Adler understands what makes an artist tick, like Golden Boy Joe Bonaparte’s frustrating need to fit into the society. She tells her class, “Even in good times, the actor is never really part of the world. I don’t know any society where the lawyer and the doctor sit down and have dinner with the actor, if they can avoid it.” She spills out her own truths about her brother Luther. “He is not companionable — typical of the artist… Luther does not belong to a house.” She prods her students about the script. “Grab that truth. Take your time but grab it. The truth is not in the lines.” She demands that they see the whore in Joe’s girlfriend, Lorna. “She lets herself be experienced, but she doesn’t experience it.” Adler confesses she’s sorry she missed that profession. “I’d give my life to know as much as Lorna does about men.” Adler talks about the role of the soul in Joe’s struggle. When Lorna tells him that when he wants all the money and fame, his soul hurts, for Adler that’s the culminating moment for him. “That’s it! He’s always left room for the soul but it bothered him inside…the way it holds up every ambitious man.” This revelatory unraveling of character is what Adler excels at.

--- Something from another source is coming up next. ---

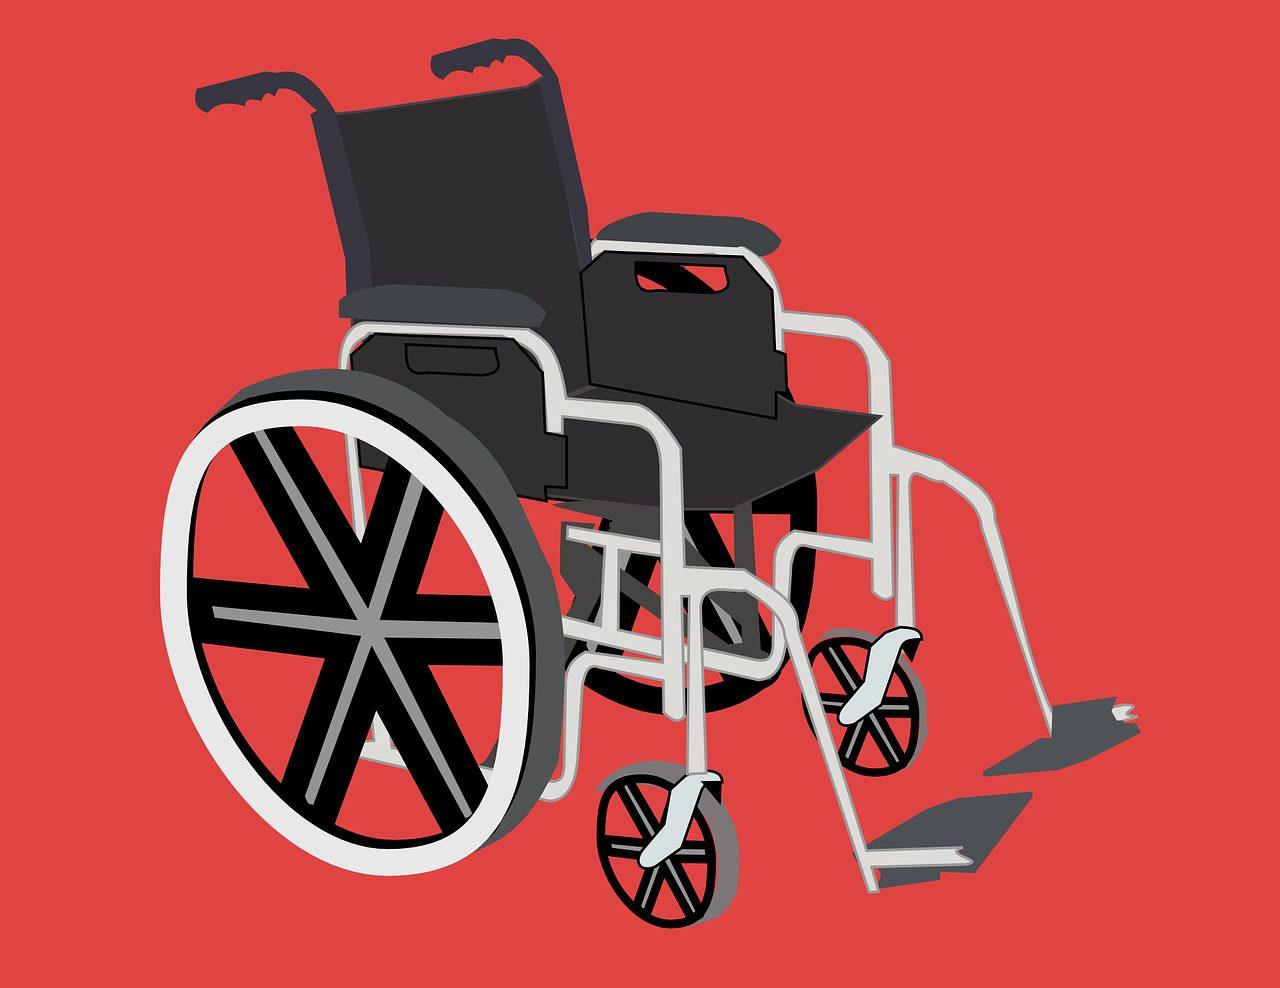 Gezinshuis de Vlerken Ervaren instelling gehandicaptenzorg verstandelijk gehandicapten
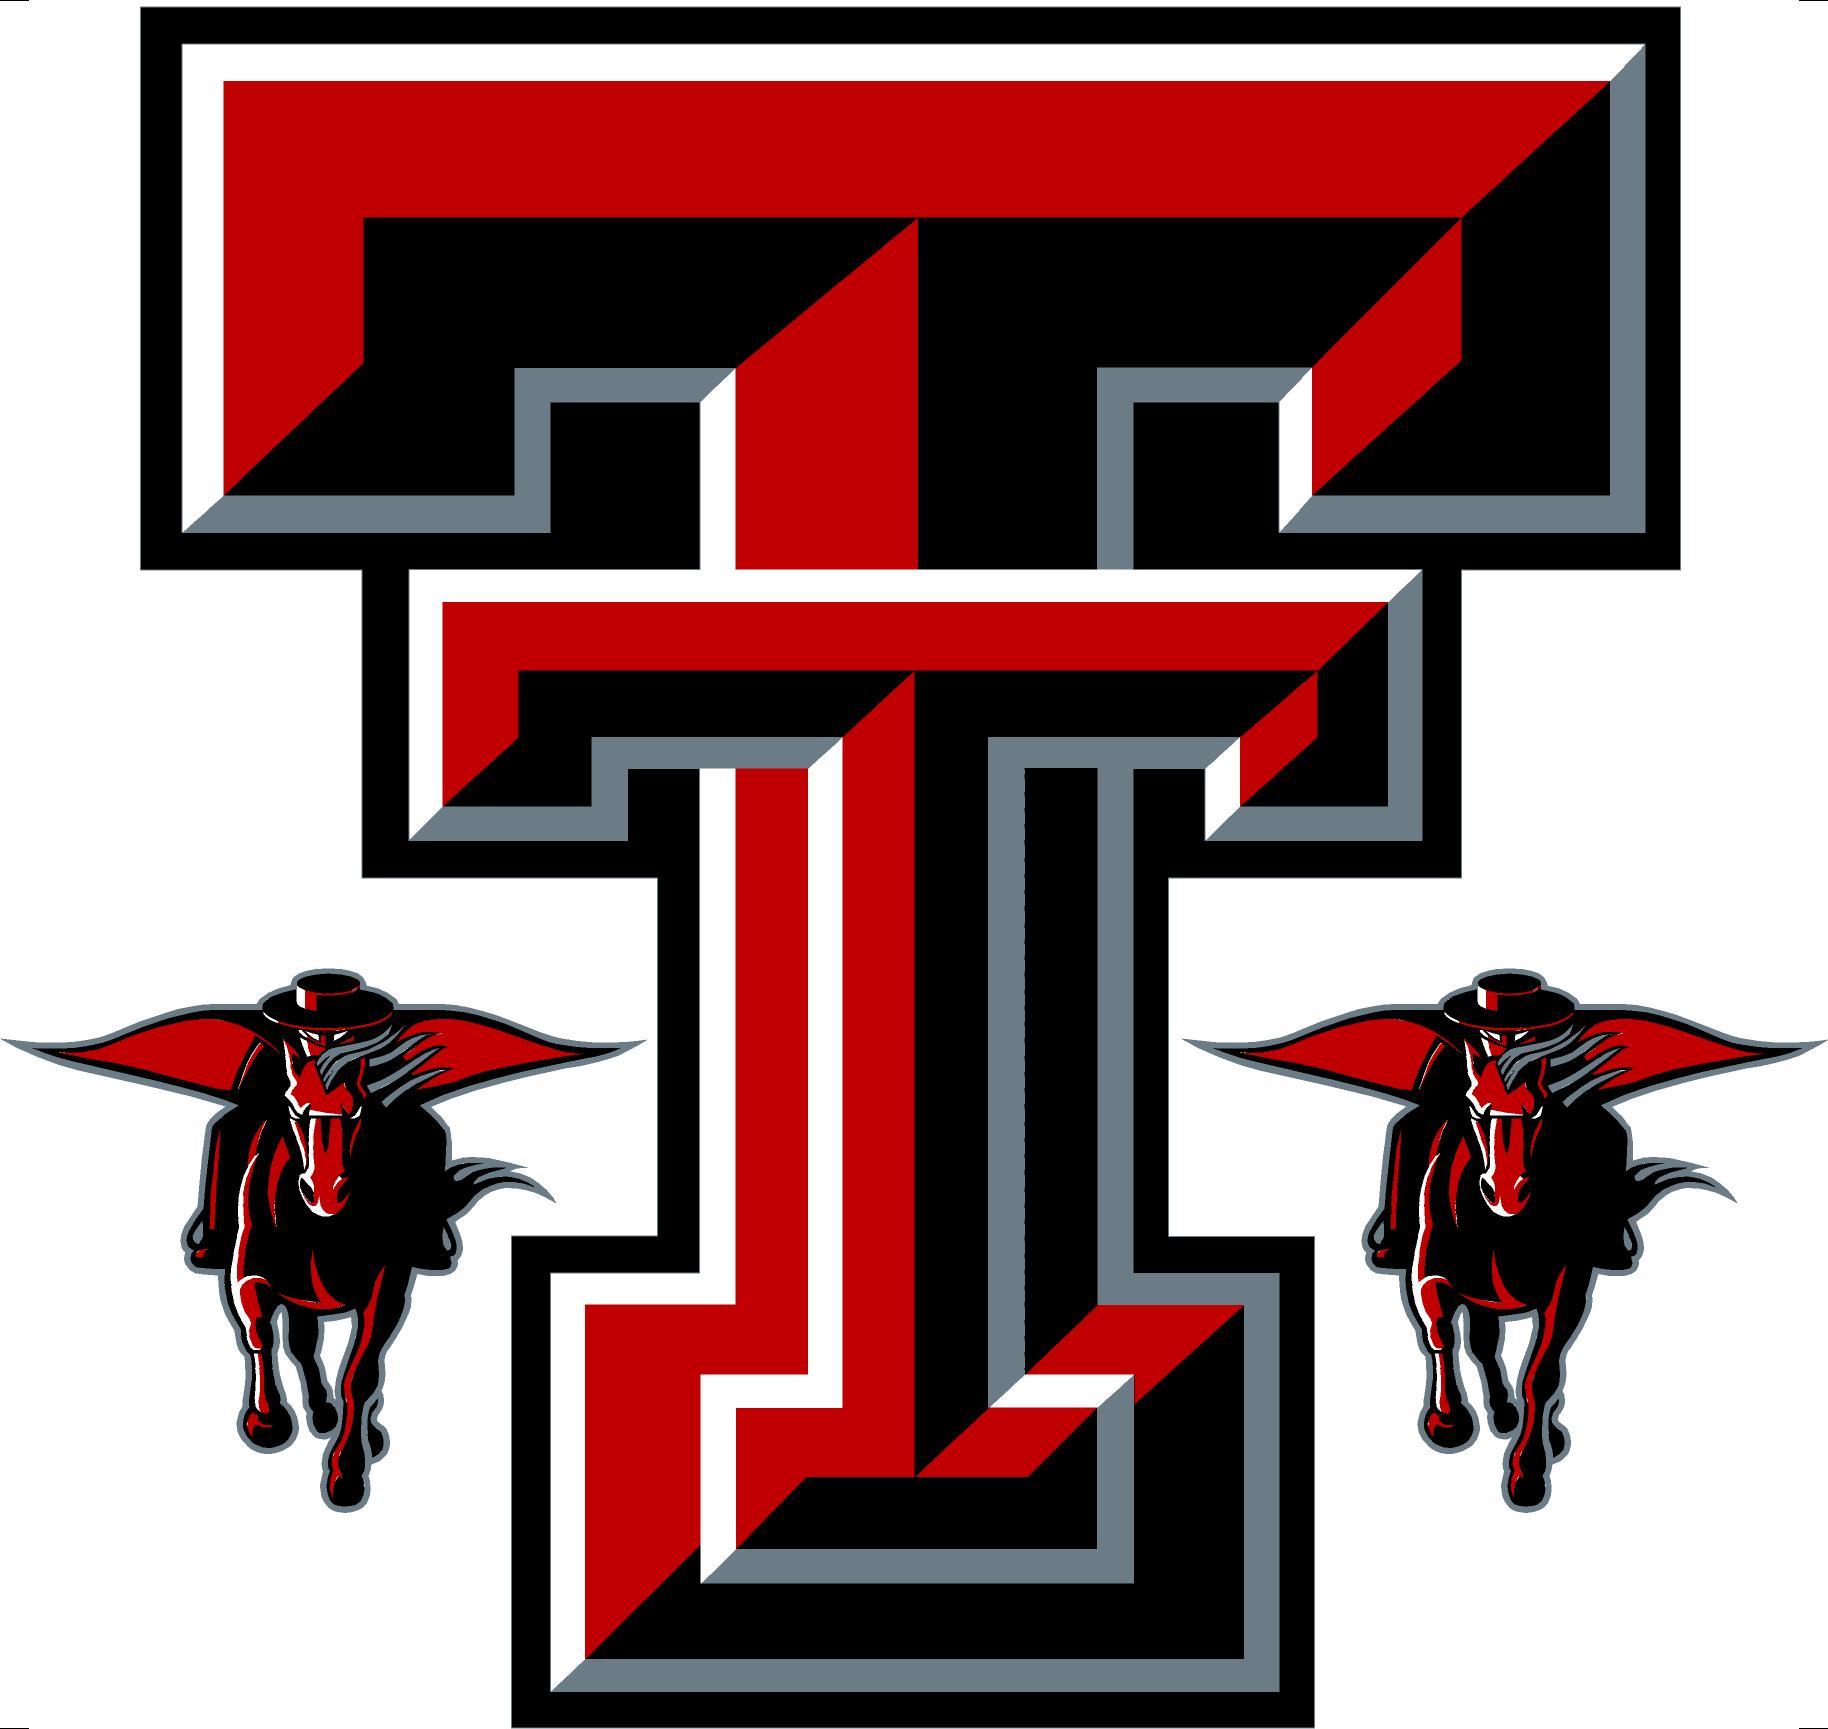 Texas Tech Logo2 regarding Texas Tech Academic Calendar

But does it work on the page? Absolutely; nevertheless, the reader would do best to approach the text slowly, a chapter at a time, and then put it briefly aside. Confronting Adler through her words can be as intense as the live experience was to her students. She talks and you listen. Such confrontations take time to be digested. You don’t follow a rich meal an hour later with another, not if you know what’s good for you. This rat-a-tat-tat, in-your-face approach is what gives the book its greatest strengths but also its limitations. You, as the reader, must be willing to put your own reservations on hold and accept that a woman whose life was about living and breathing great theatre may know more about its lessons than you. After all, that’s why we go to great teachers, isn’t it?

Paris wisely includes a full text from one of this play’s key scenes, which is interspersed line by line with Adler’s own commentary. In Act One, Joe and Lorna sit on a park bench, getting to know each other better. He asks her permission to speak his mind and warns her if she laughs, he’ll never speak to her again. Adler gives the subtext: “So be careful of me. This character is a killer.” He goes on to tell Lorna that “with music, I’m never alone when I’m alone.” He explains that nothing is closed to him when he plays music. He’s no longer afraid. Adler responds: “‘I’m not alone when I’m alone’ is mystical. Don’t try too hard to make it logical because it’s not. Tennessee (Williams) does it all the time.” Adler quotes Tom’s lines from The Glass Menagerie: “I didn’t go to the moon, I went much further. But time is the distance between two points.” Adler is nothing if not direct with the script. “Who the hell knows what he’s talking about?” She tells us Joe is trying to tell the truth, which involves trying to express the inexpressible.

Some readers will not be as familiar as others with a script format, and to see the dialogue in tandem with Adler’s comments is invaluable. Though her translation of the truths underlying such plays as O’Neill’s Long Day’s Journey Into Night, Williams’ A Streetcar Named Desire and Miller’s Death of a Salesman, to name just a few, are informative and often riveting, and with detailed synopses by Paris throughout, this book could do no better service to Adler than if the same reader went straight to the great plays themselves. Armed with Adler’s insights, it’s the perfect companion. Paris doesn’t avoid her “yiddishisms” either. To her students she says, “I’m going to treat you as if you were millions of years old, not just pishers on the street.” She wants them to be as big as the company they keep.